*Data provided*.
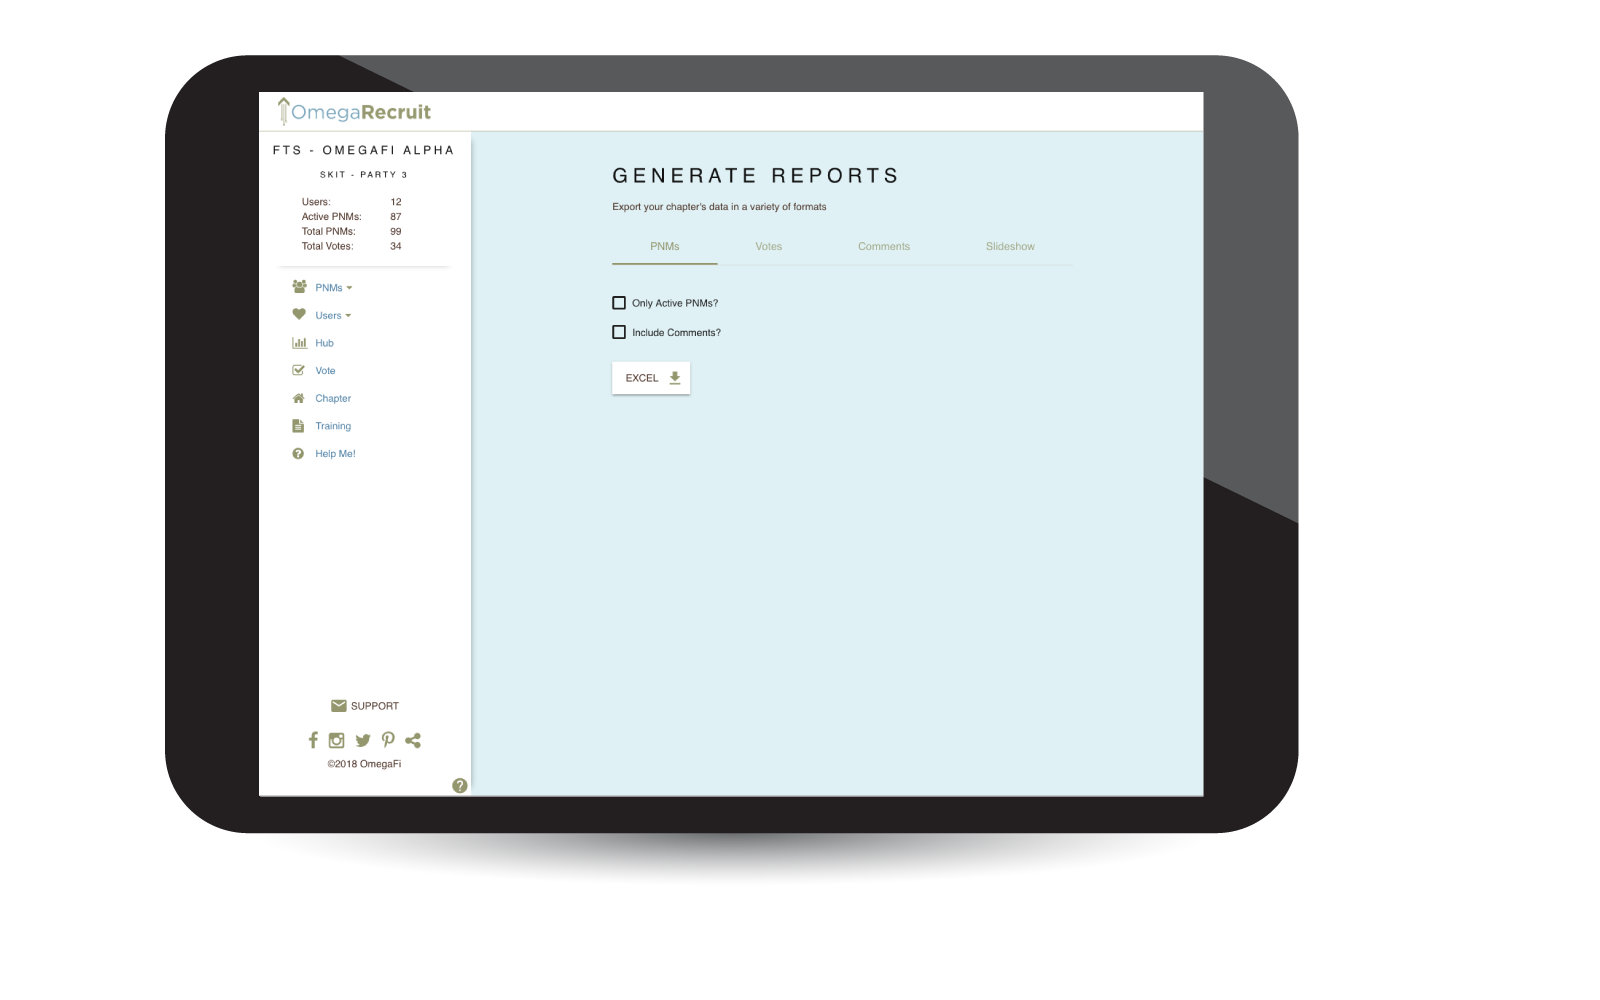 Get a better birds’ eye view of your rush process with reporting from sorority recruitment software.
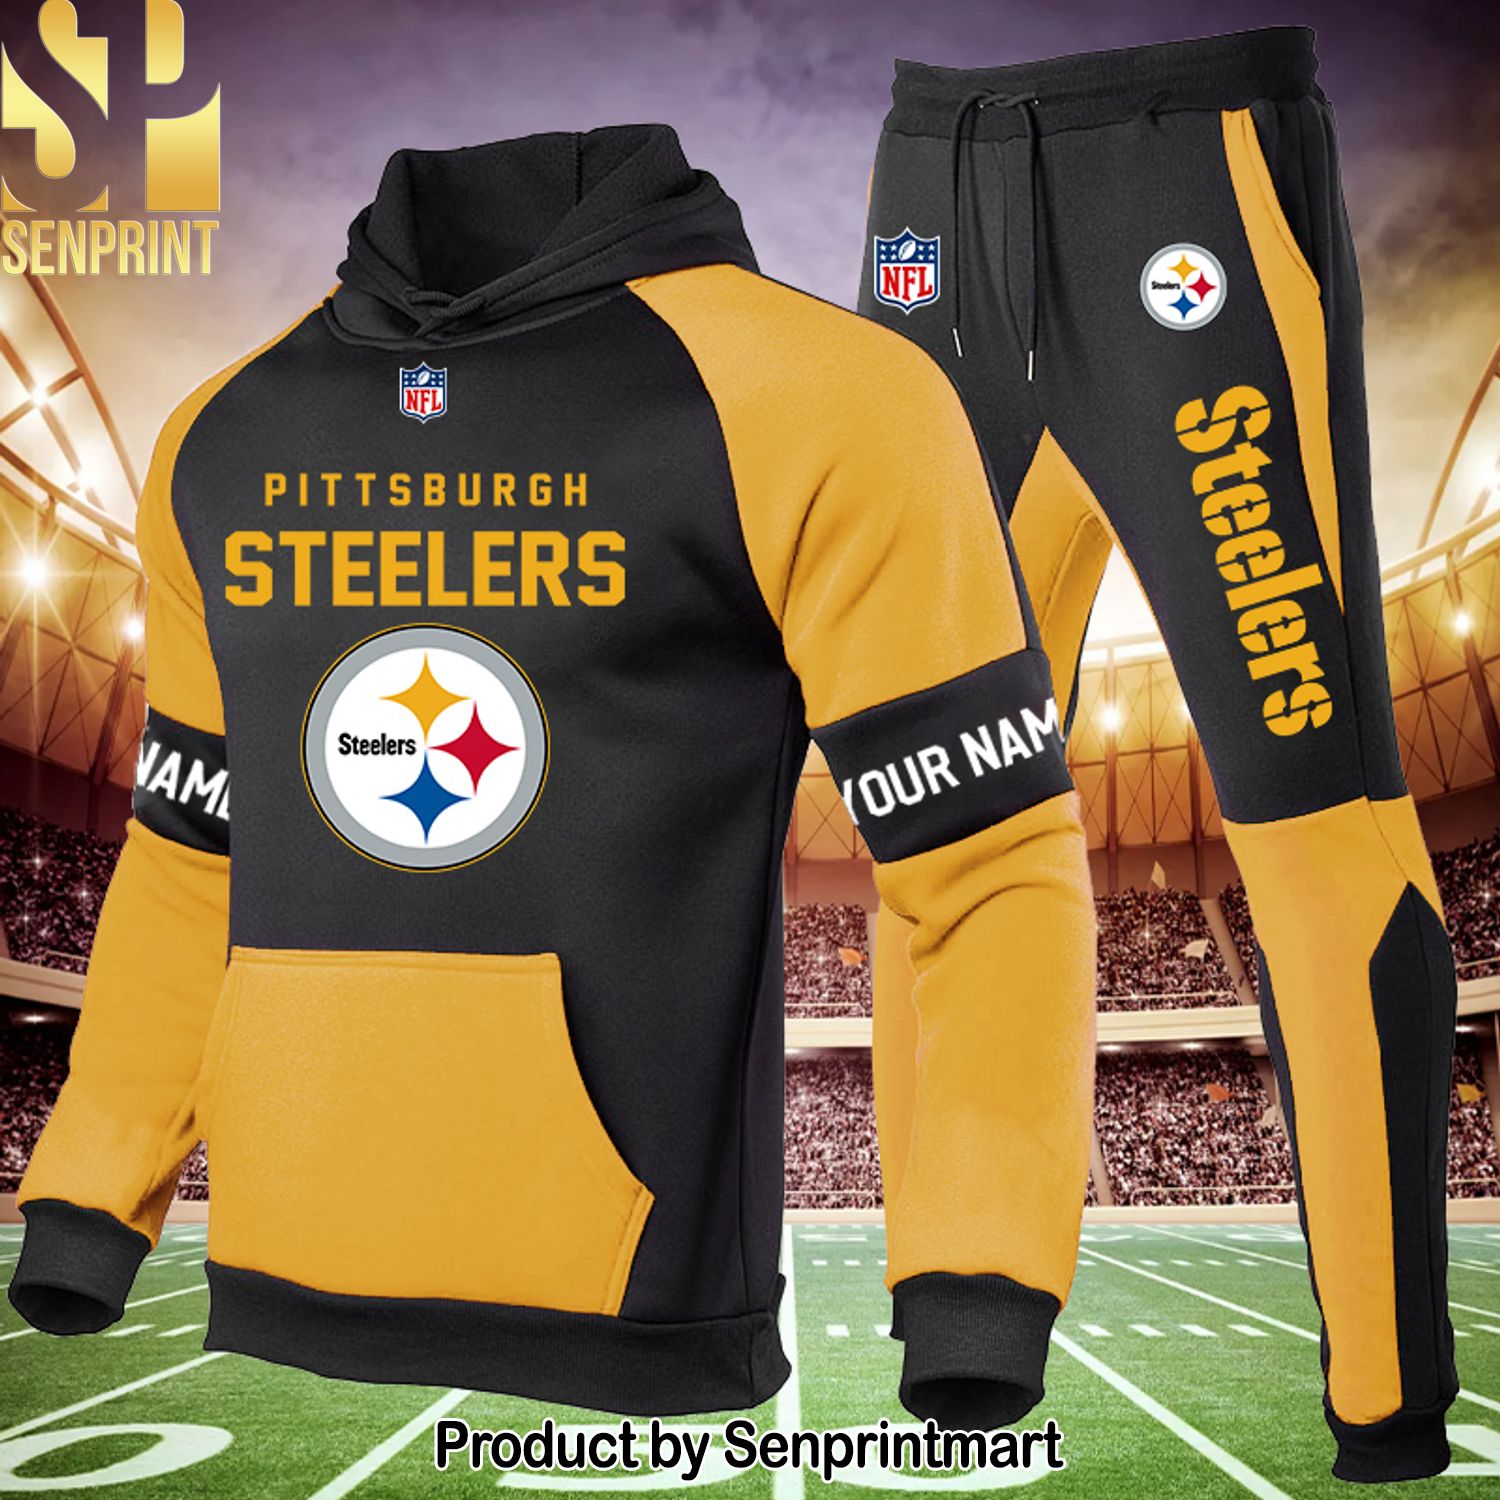 Pittsburgh Steelers 3D Full Printed Shirt and Pants
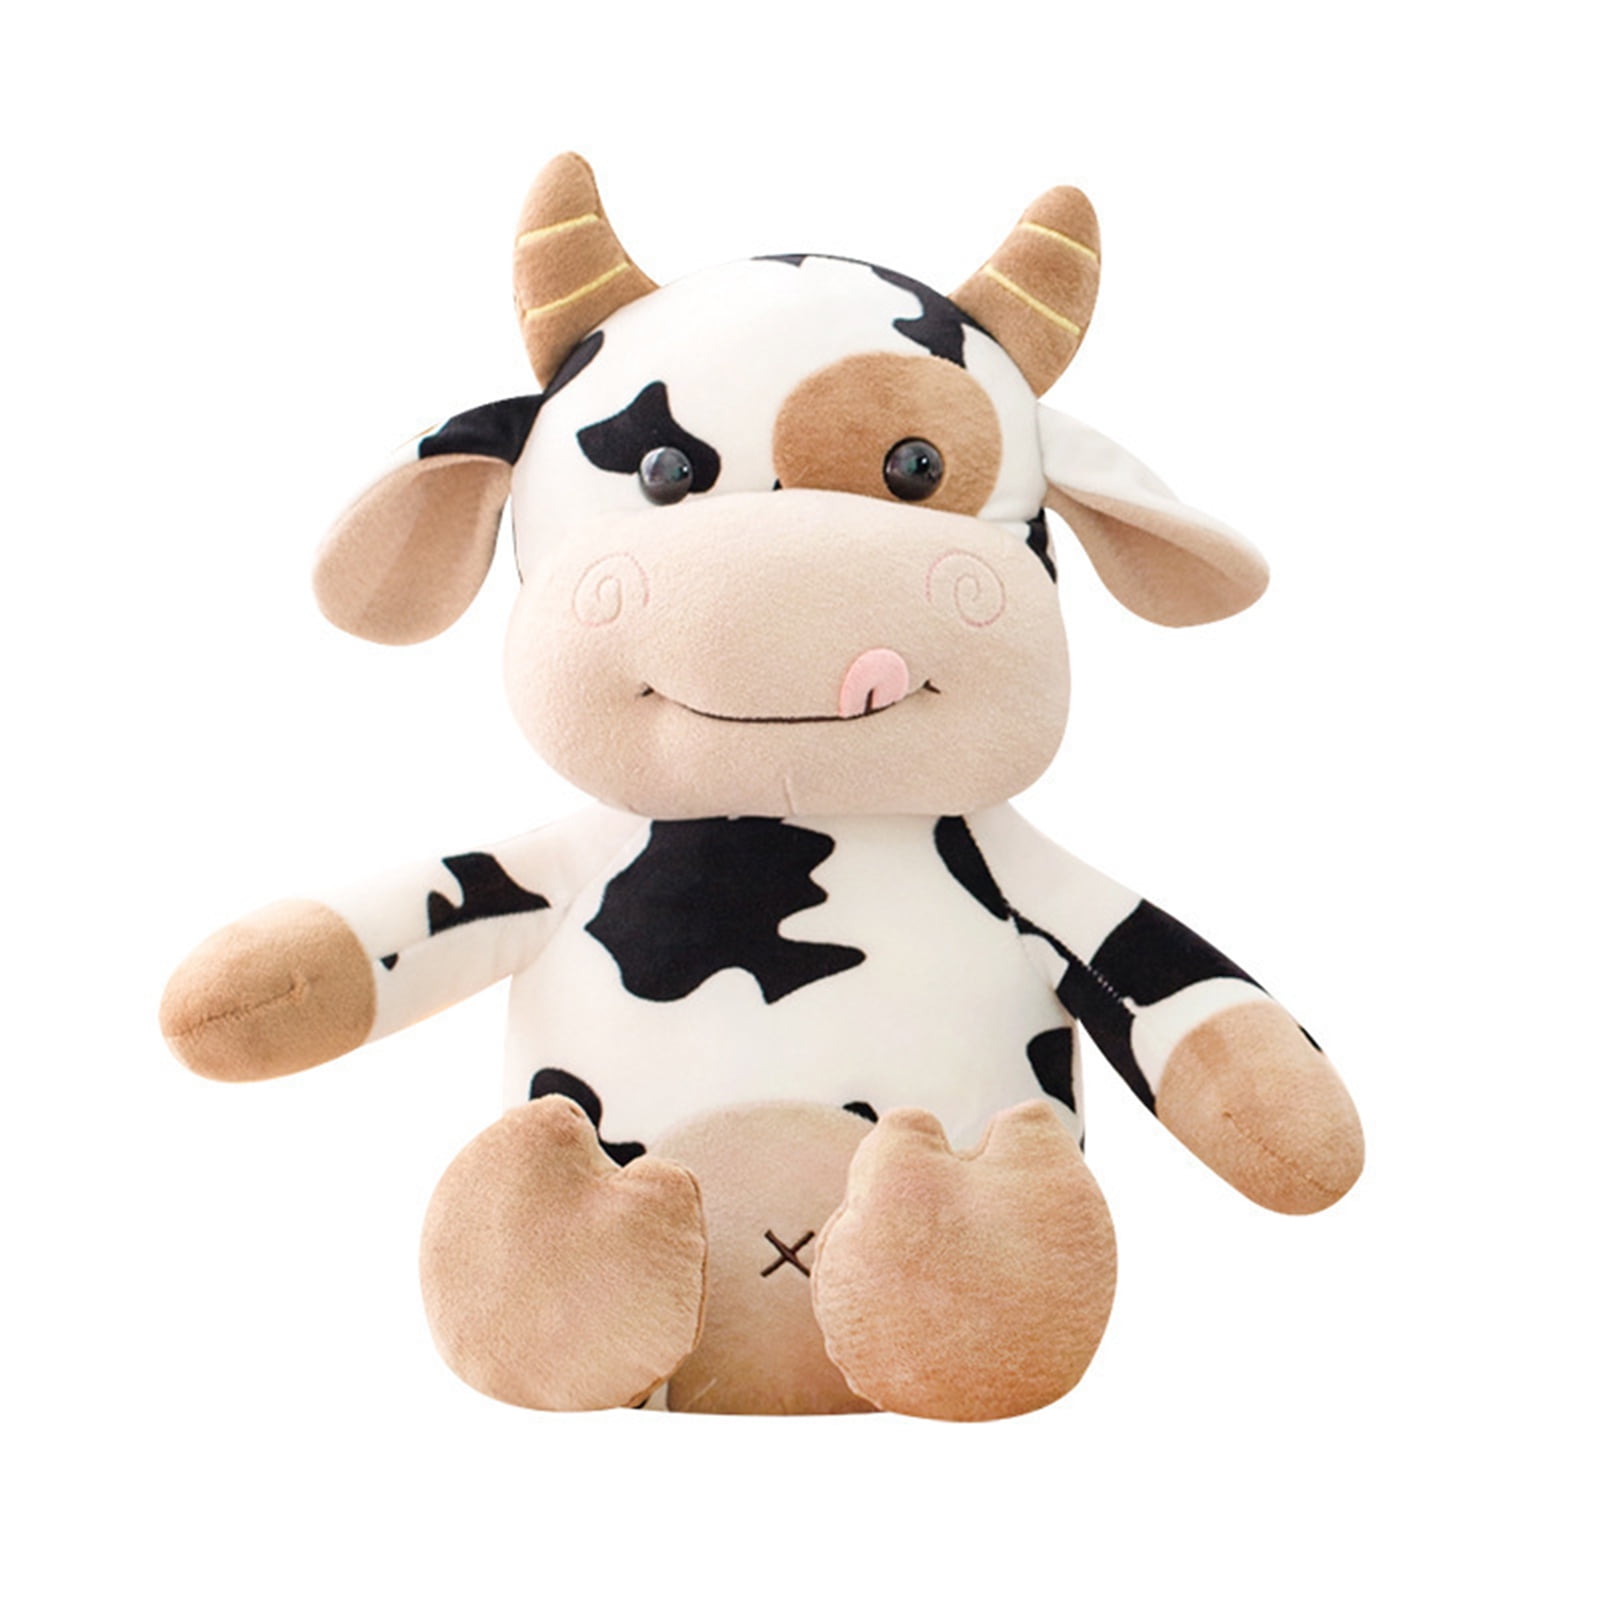 Details about   Cow Plush Toy Soft Pillow Stuffed Animal Cartoon Toy Doll Chirdren Birthday Gift

*Assignment*. Would you give again exactly the lines from the line containing "Pittsburgh Steelers 3D" through the end of the listing, both ends included, without any pictures?

*Response for this exercise*.
 Pittsburgh Steelers 3D Full Printed Shirt and Pants
 Details about   Cow Plush Toy Soft Pillow Stuffed Animal Cartoon Toy Doll Chirdren Birthday Gift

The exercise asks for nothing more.